Jeng Shyr-Long, Chiang Chienhsun
Department of Mechanical Engineering, Lunghwa University of Science and Technology, Taoyuan City 333326, Taiwan.
Department of Mechanical Engineering, National Yang Ming Chiao Tung University, Hsinchu City 300093, Taiwan.
Sensors (Basel). 2023 Oct 23;23(20):8651. doi: 10.3390/s23208651.
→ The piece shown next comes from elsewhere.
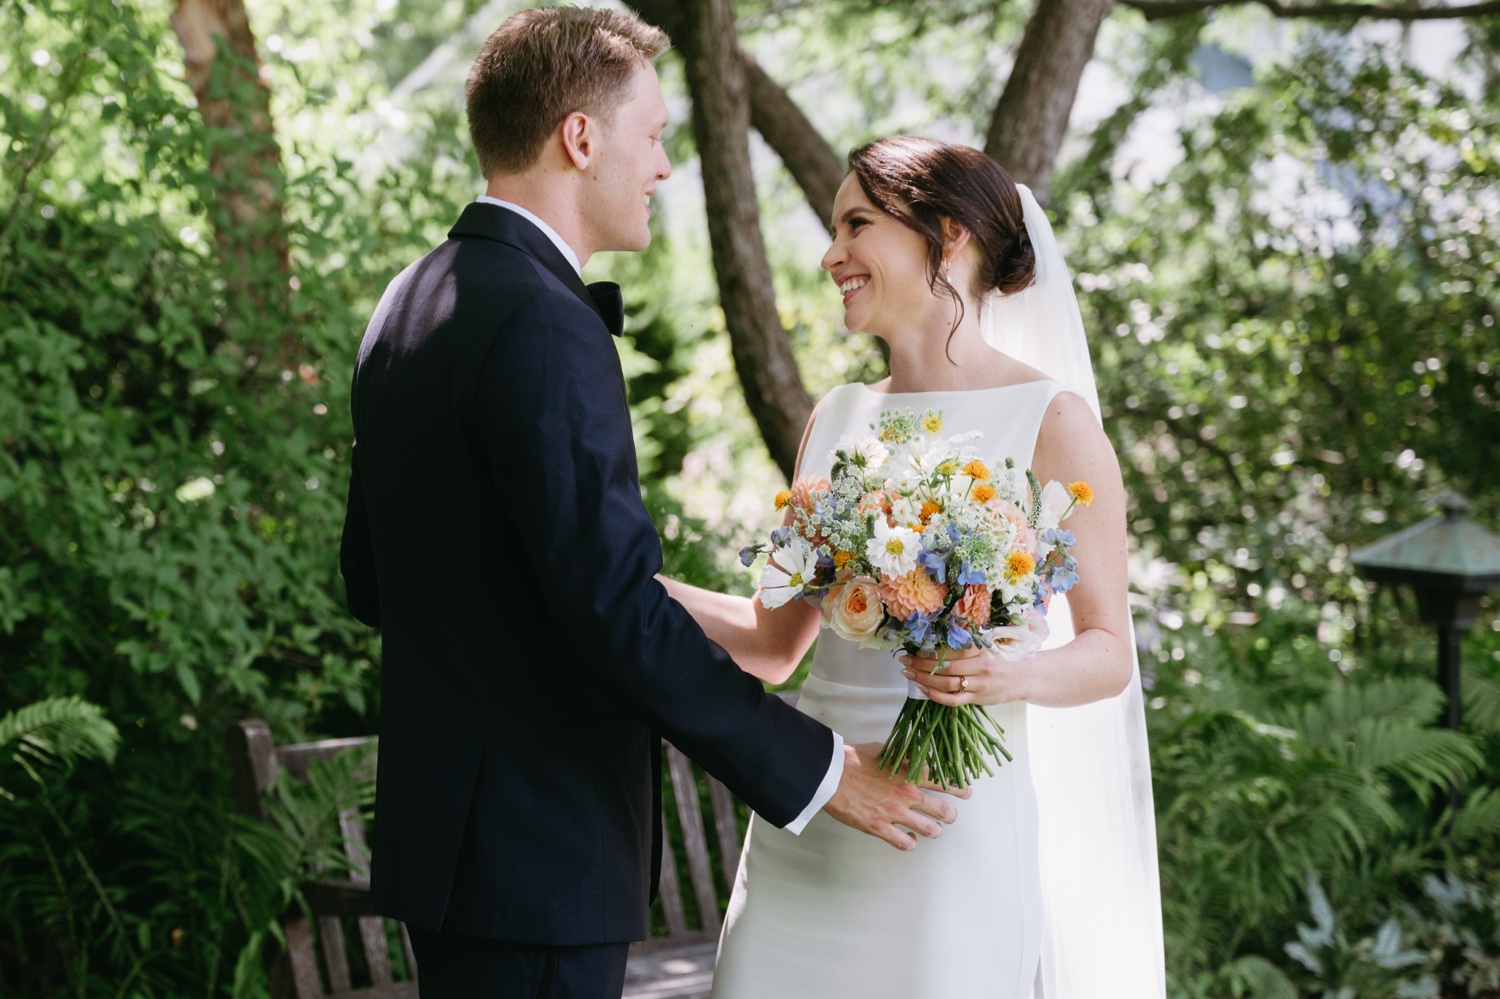 woodstock inn wedding bride and groom first look florals bouquet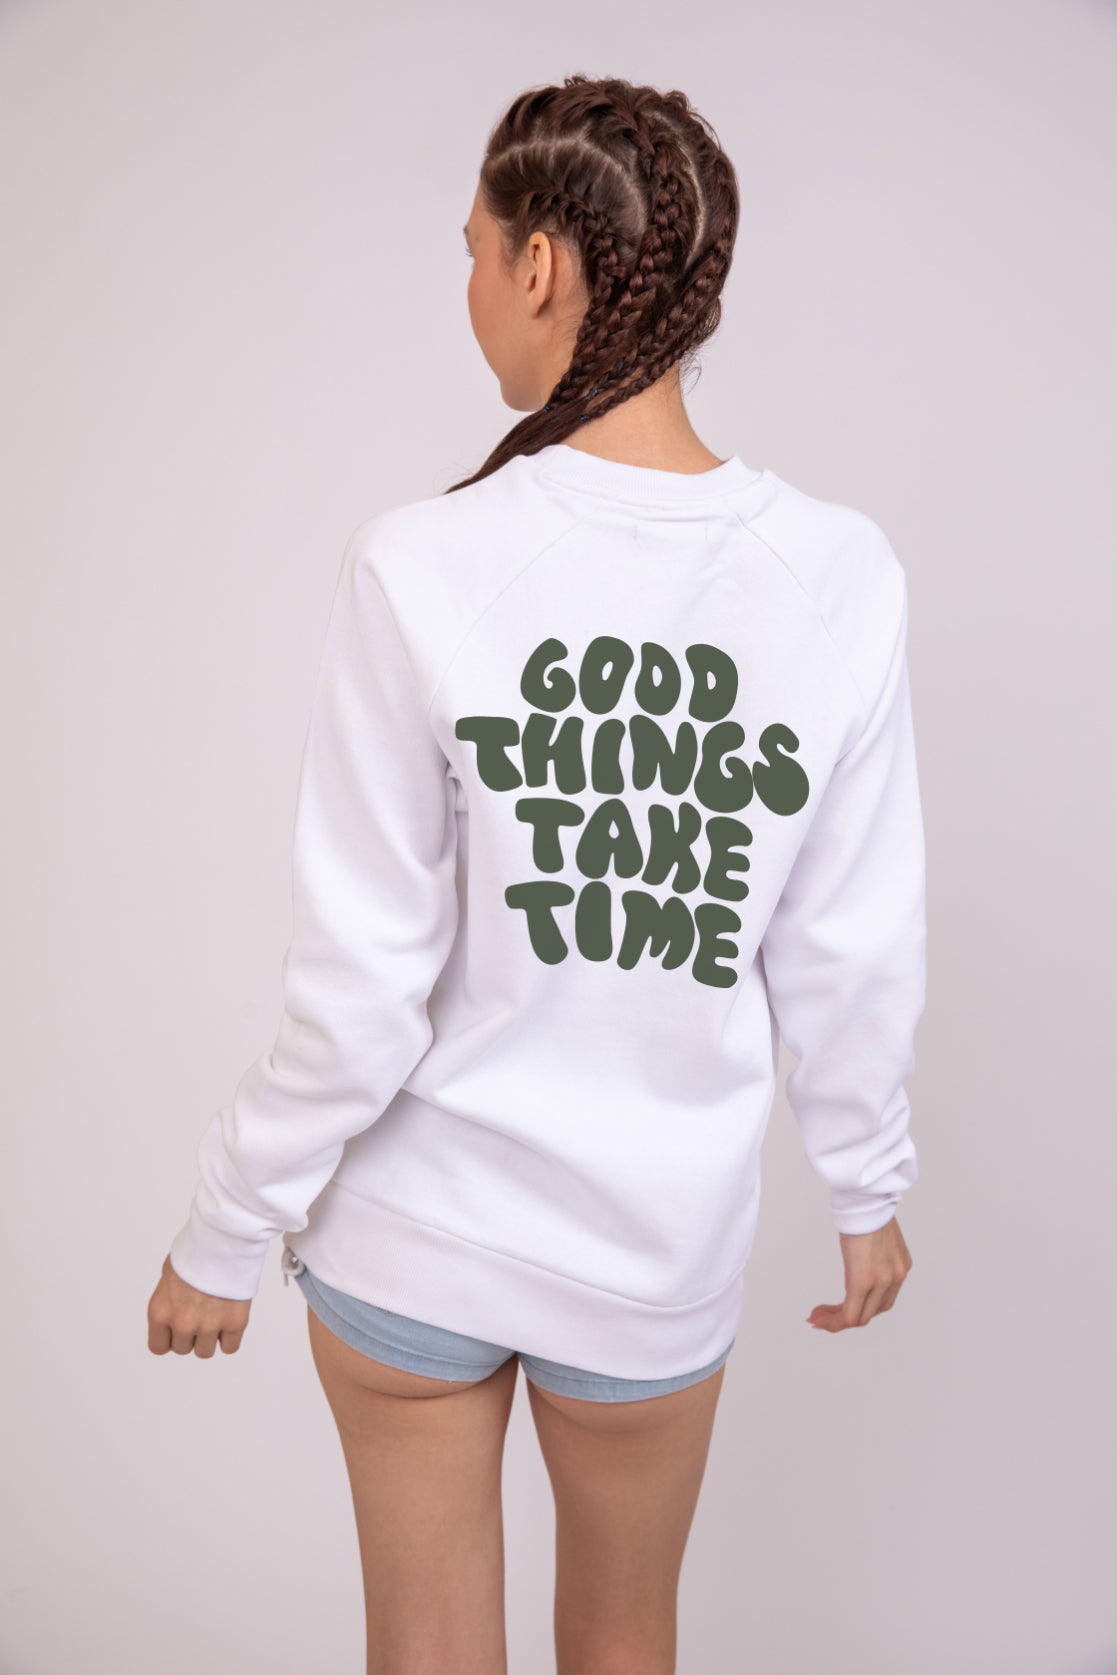 Good things takes time Radiant White - Printed Sweatshirt

An end-to-end approach to autonomous navigation that is based on deep reinforcement learning (DRL) with a survival penalty function is proposed in this paper. Two actor-critic (AC) frameworks, namely, deep deterministic policy gradient (DDPG) and twin-delayed DDPG (TD3), are employed to enable a nonholonomic wheeled mobile robot (WMR) to perform navigation in dynamic environments containing obstacles and for which no maps are available. A comprehensive reward based on the survival penalty function is introduced; this approach effectively solves the sparse reward problem and enables the WMR to move toward its target. Consecutive episodes are connected to increase the cumulative penalty for scenarios involving obstacles; this method prevents training failure and enables the WMR to plan a collision-free path. Simulations are conducted for four scenarios-movement in an obstacle-free space, in a parking lot, at an intersection without and with a central obstacle, and in a multiple obstacle space-to demonstrate the efficiency and operational safety of our method. For the same navigation environment, compared with the DDPG algorithm, the TD3 algorithm exhibits faster numerical convergence and higher stability in the training phase, as well as a higher task execution success rate in the evaluation phase.
本文提出了一种基于深度强化学习(DRL)并带有生存惩罚函数的端到端自主导航方法。采用了两种演员-评论家(AC)框架,即深度确定性策略梯度(DDPG)和双延迟DDPG(TD3),以使非完整轮式移动机器人(WMR)能够在包含障碍物且无地图可用的动态环境中执行导航。引入了基于生存惩罚函数的综合奖励;这种方法有效地解决了稀疏奖励问题,并使WMR能够朝着目标移动。连续的情节相互关联,以增加涉及障碍物场景的累积惩罚;该方法可防止训练失败,并使WMR能够规划无碰撞路径。针对四种场景进行了仿真——在无障碍空间、停车场、有无中央障碍物的十字路口以及多障碍物空间中的移动——以证明我们方法的效率和操作安全性。对于相同的导航环境,与DDPG算法相比,TD3算法在训练阶段表现出更快的数值收敛速度和更高的稳定性,以及在评估阶段更高的任务执行成功率。